Now that you are here after reading the other page, let’s understand other aspects of the Personal Guarantee like proper interpretation, loopholes, examples & more

Proper Interpretation of Personal Guarantees

Liability under the guarantee is determined by what is known as a “proper interpretation” of the contract of guarantee.
Legal obligations of guarantors are interpreted from the standpoint of a commercial perspective of a reasonable person, knowing what the parties to the guarantee knew as at the date of the contract. Here’s a guide to – reading contracts.
It has to be said that it is tough to avoid liability under a properly drafted guarantee.
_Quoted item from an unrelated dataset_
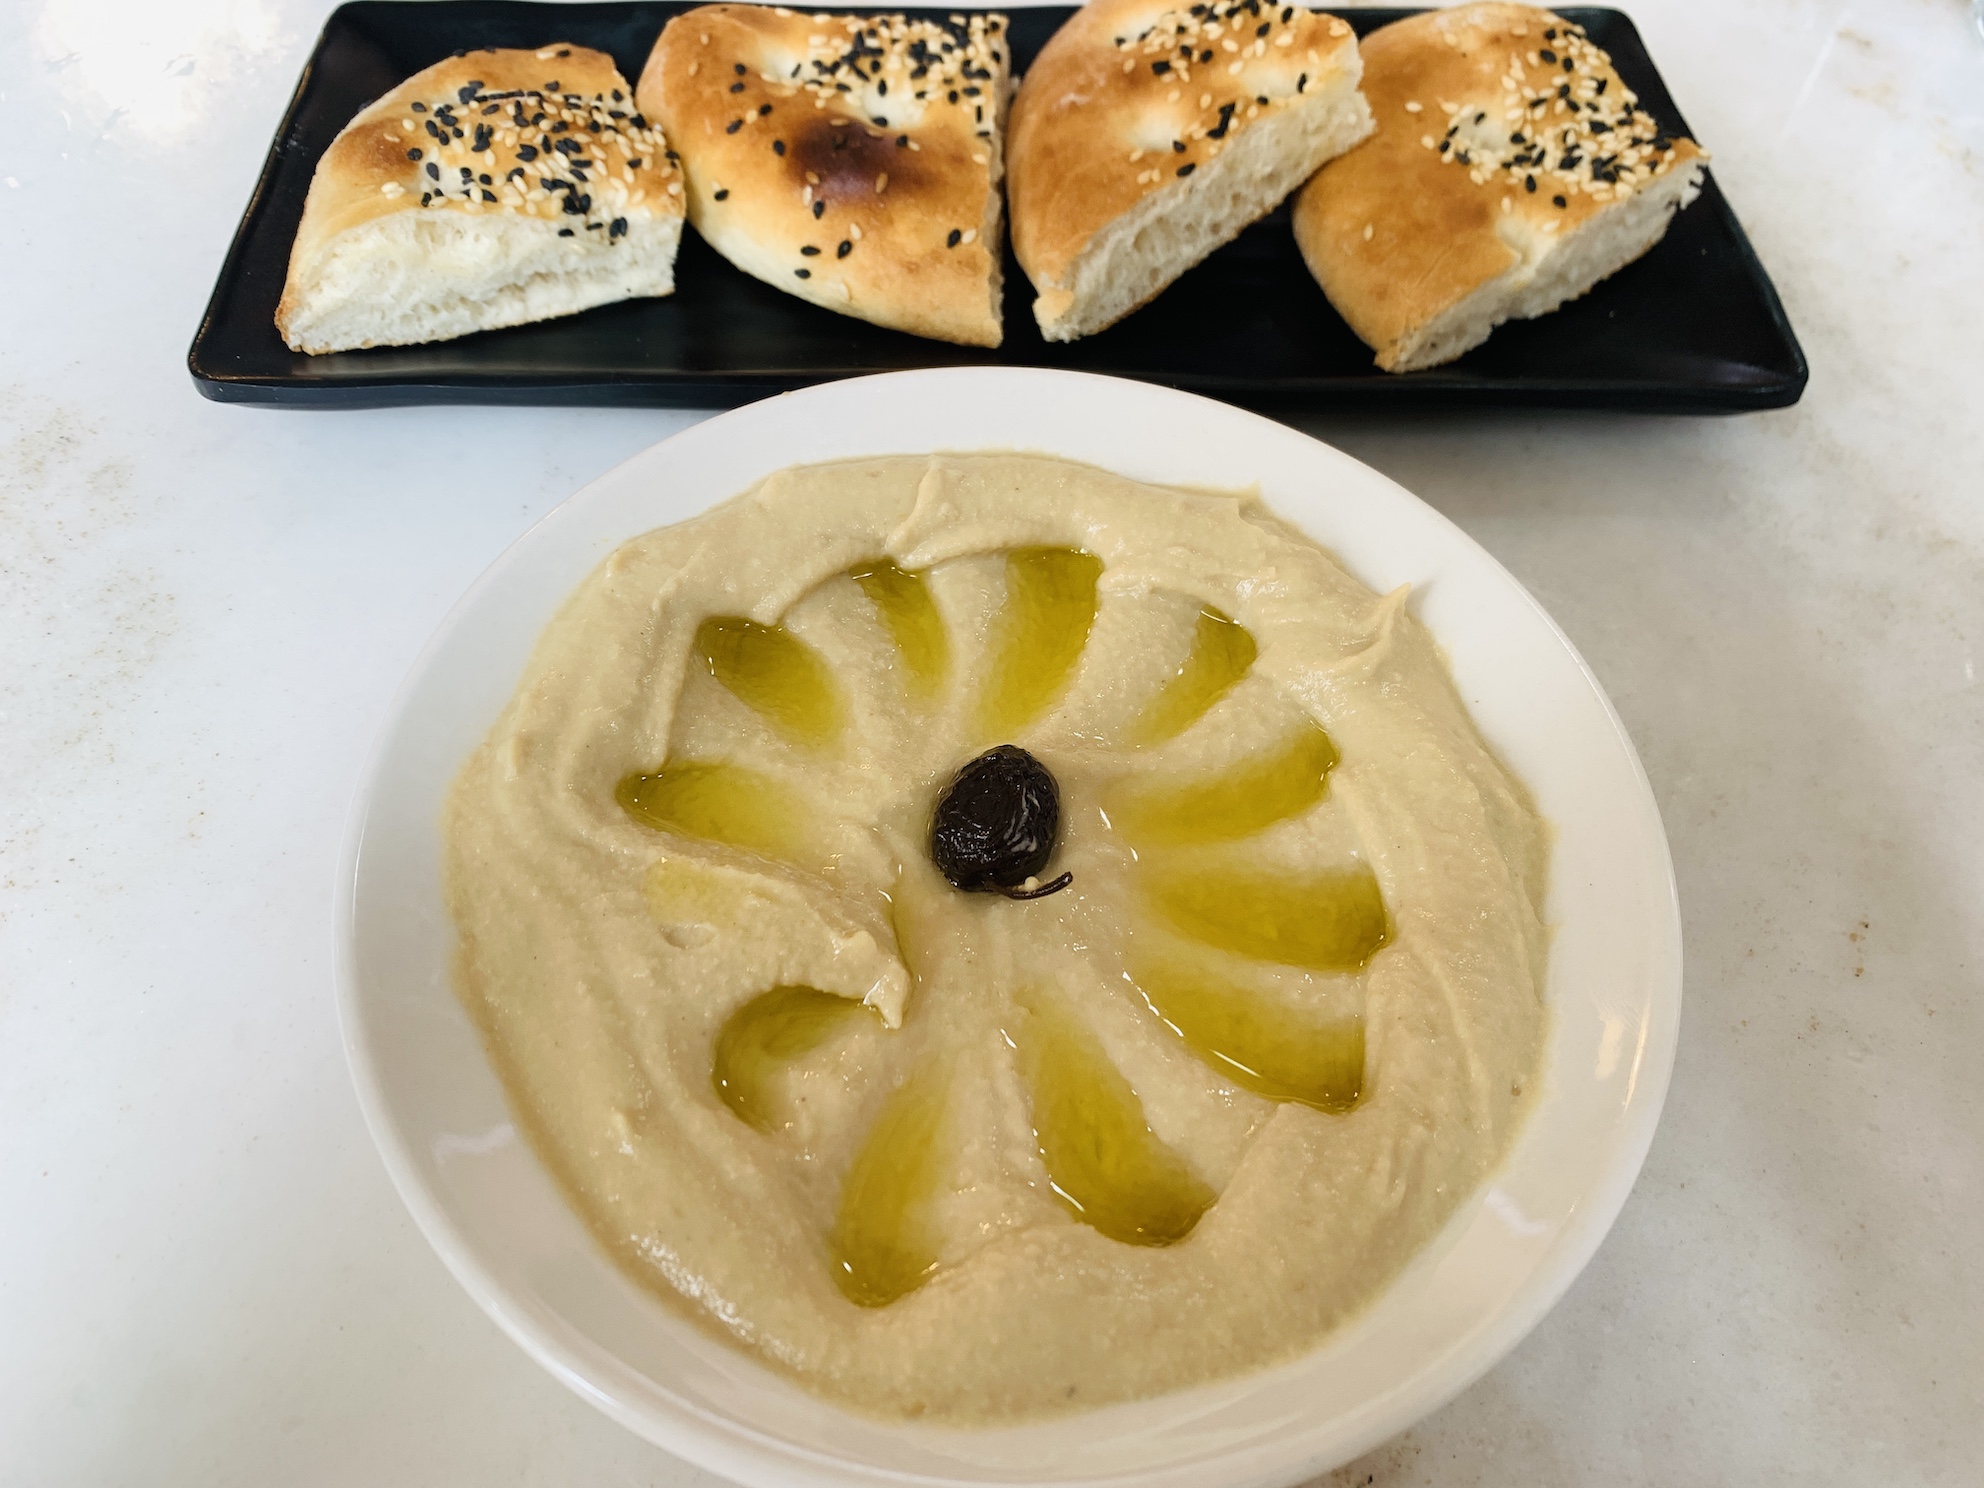 Derwish - Hummus

It narrows your options.
Whether you can get out of a personal guarantee often depends on what happened before the guarantee was agreed and what has happened since it was signed.
In hard cases, this means that you can’t tell whether you can get out of a guarantee without:
  • Reading the contract of guarantee and the terms of the guarantee; and
  • Knowing what happened before and after the contract of guarantee was agreed: i.e. all of the relevant facts of the case.
  • Whether or not a guarantee is enforceable is highly fact – a slight change of the facts can mean the difference between success and failure.
  • Limited Opportunities to get out
  • If you do get an opening to get out of a guarantee, that window of opportunity can be short before it closes on you.
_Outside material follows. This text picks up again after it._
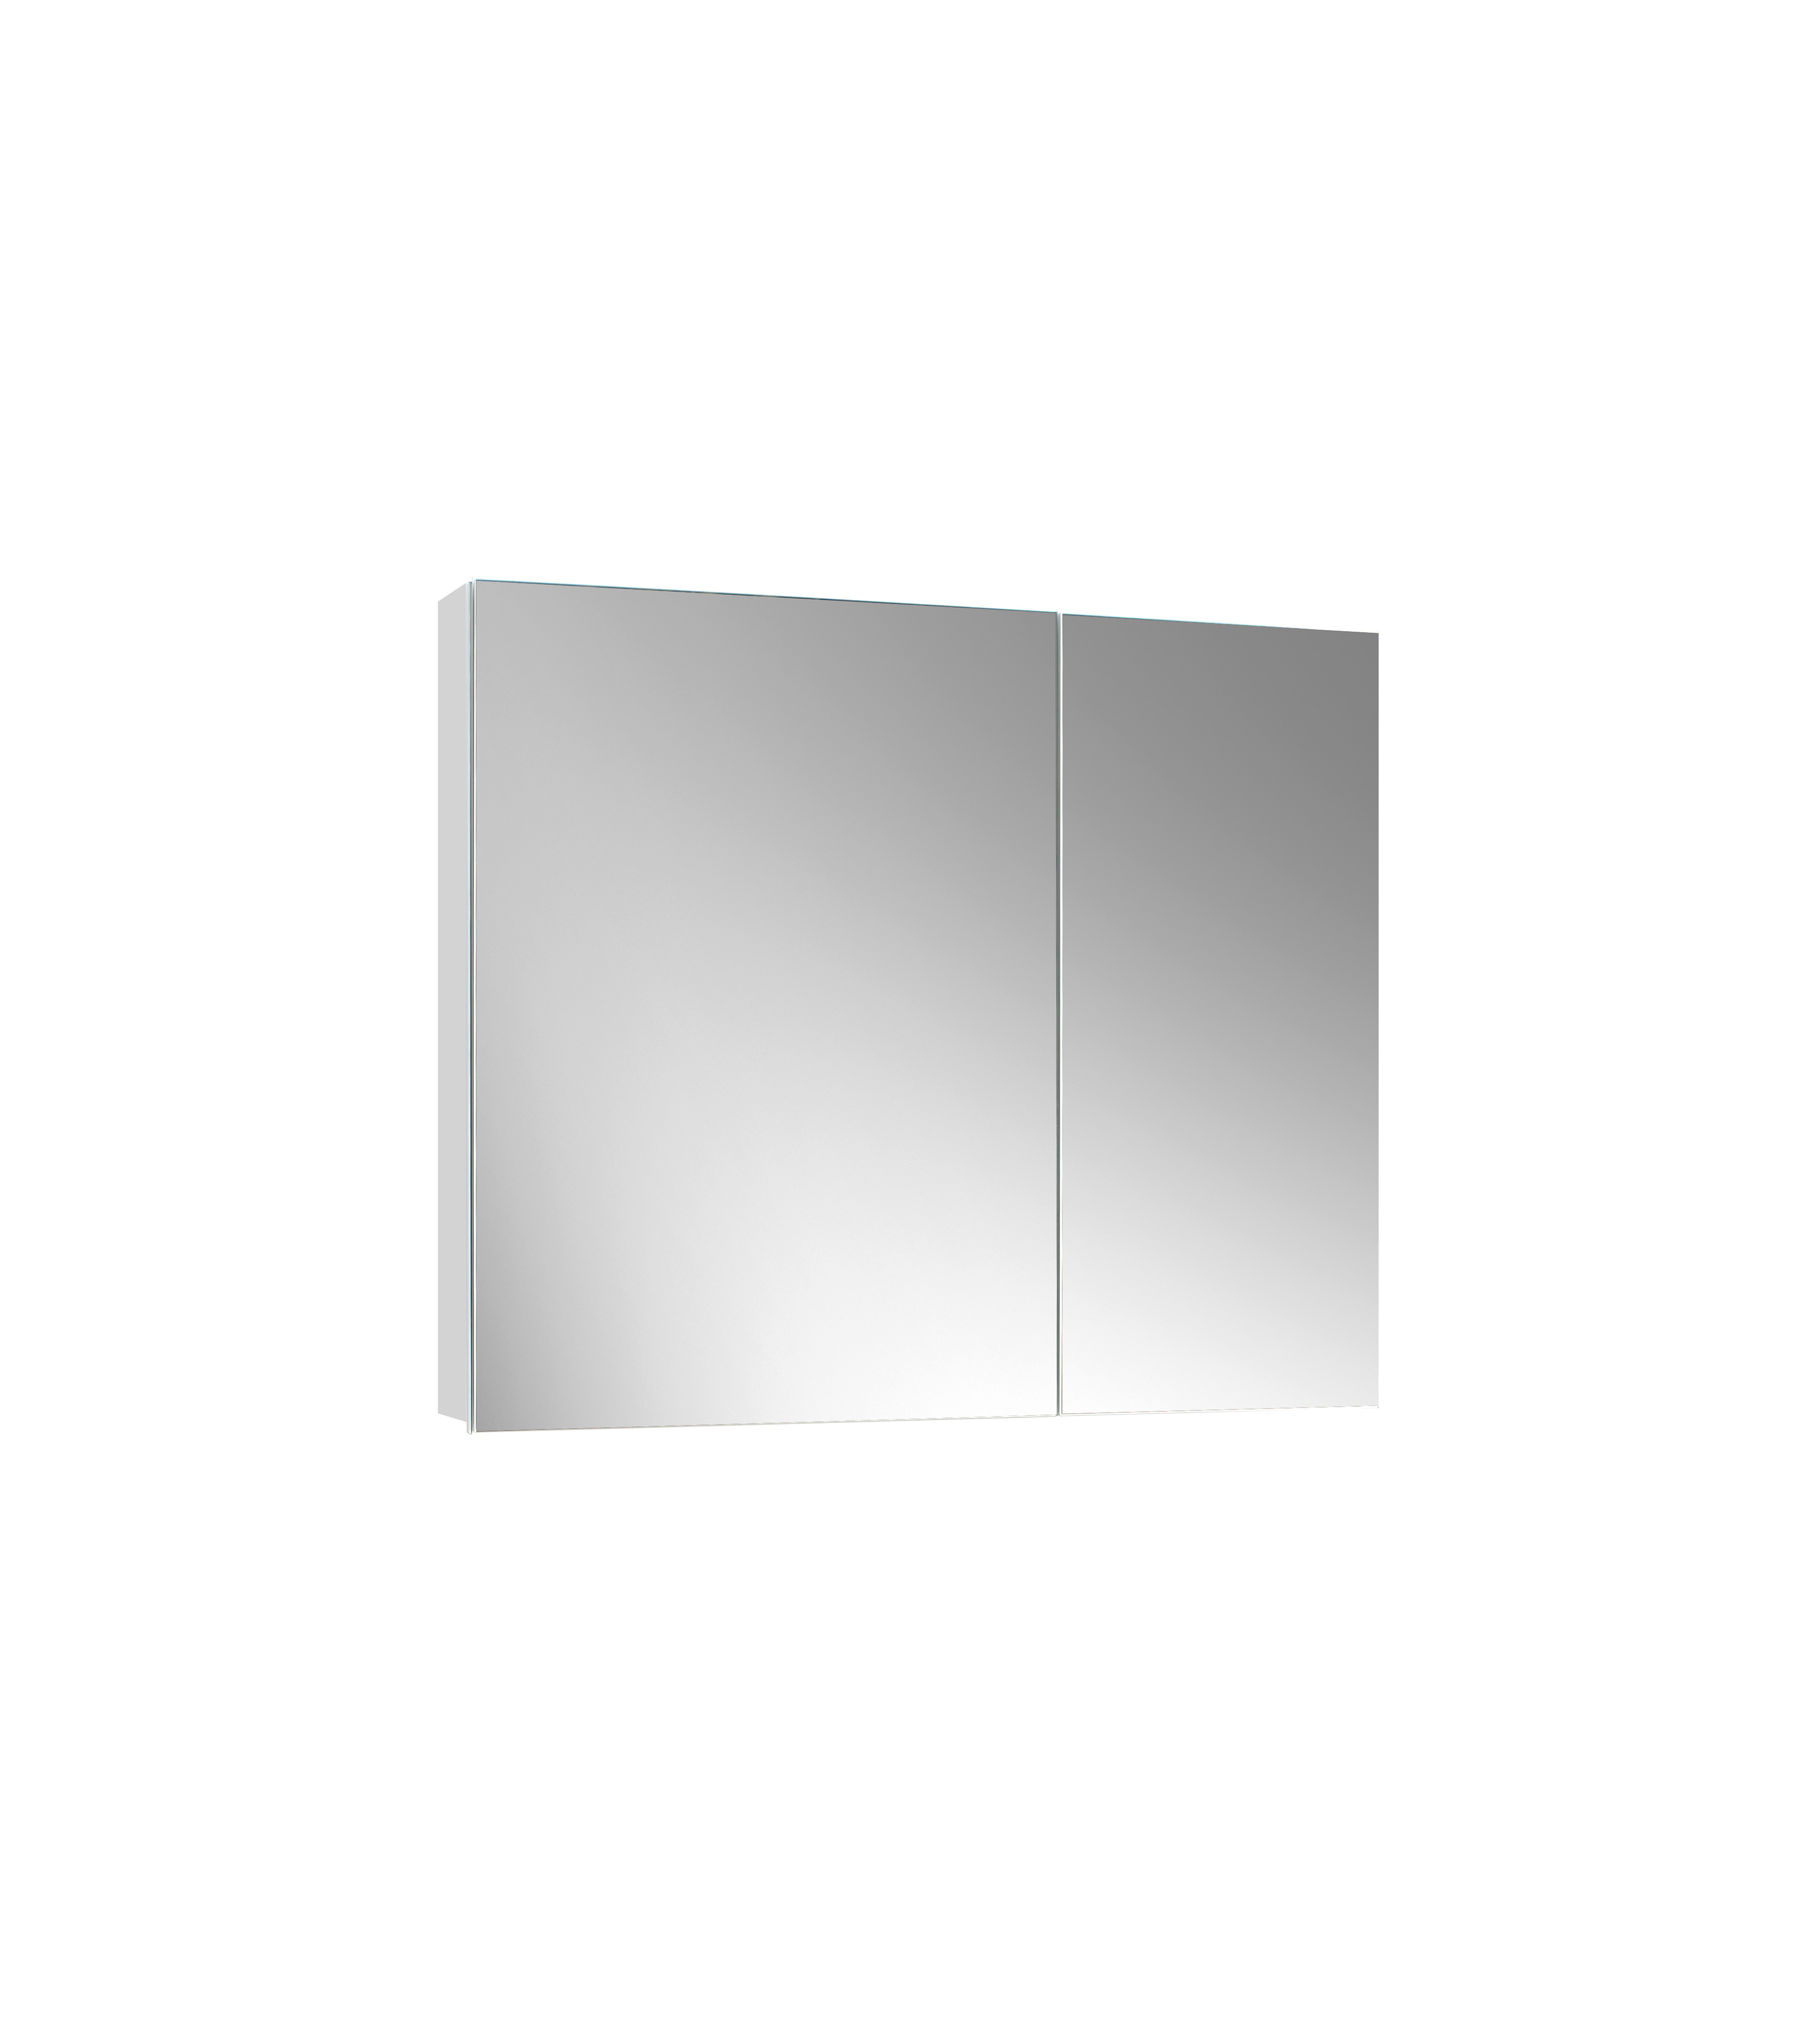 Шкаф навесной зеркальный Триумф ВШ 80,белый глянцевый (1)

Loopholes of Interpreting Personal Guarantees

Frequently, contracts contain obvious ambiguity.
When the facts of the case have happened (by the time courts come to consider them), they often contain latent ambiguities.
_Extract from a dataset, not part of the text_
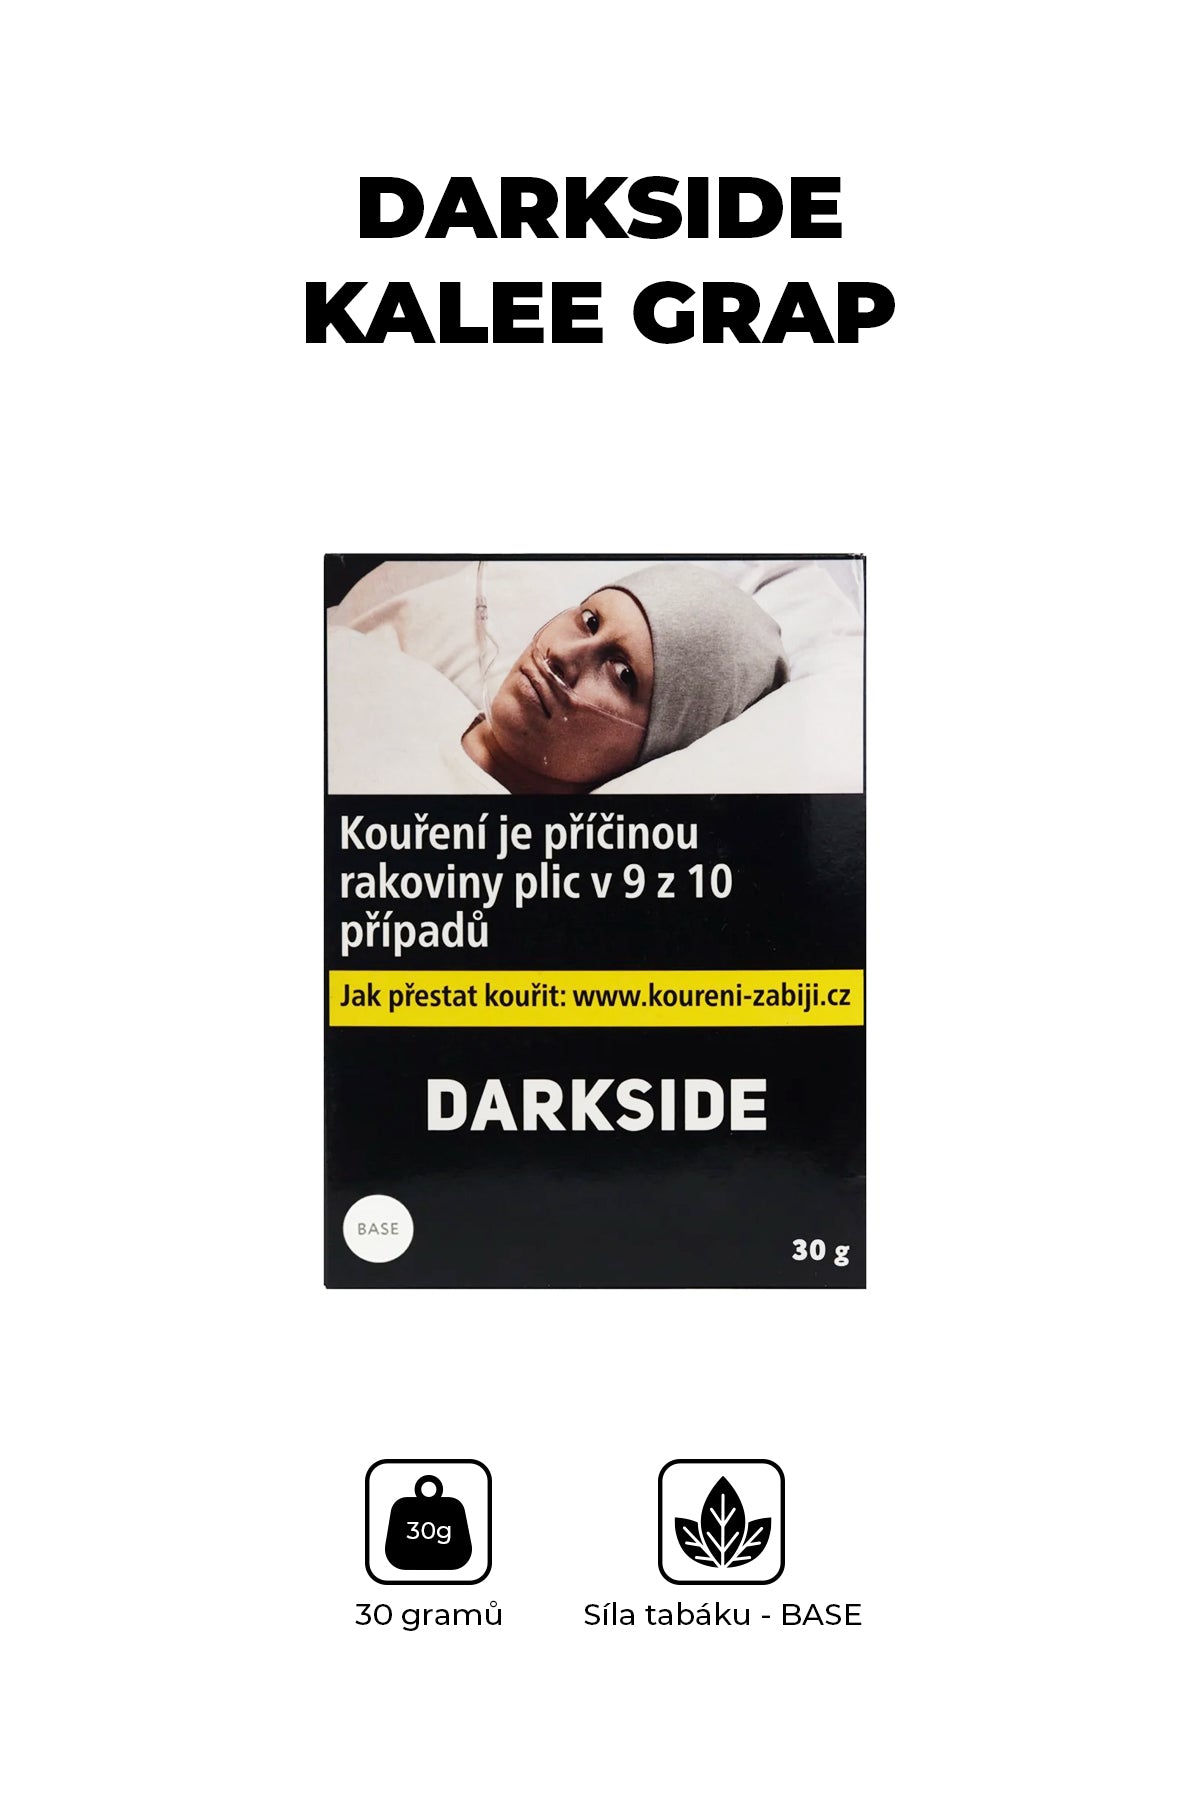 Tabák - Darkside Base 30g -  Kalee Grap

That is, the contract can be interpreted in more than one way.

Differences in interpretation – of “the construction of the contract” may mean the difference between success and failure of the guarantor avoiding liability.

It is important stuff if you are a guarantor who believes that it would be wrong for you to be liable.

Owing in part to the special nature of the contracts of guarantee, courts take a “strict” approach to interpretation. The means that “clear words” in the legal sense – must be used in the guarantee.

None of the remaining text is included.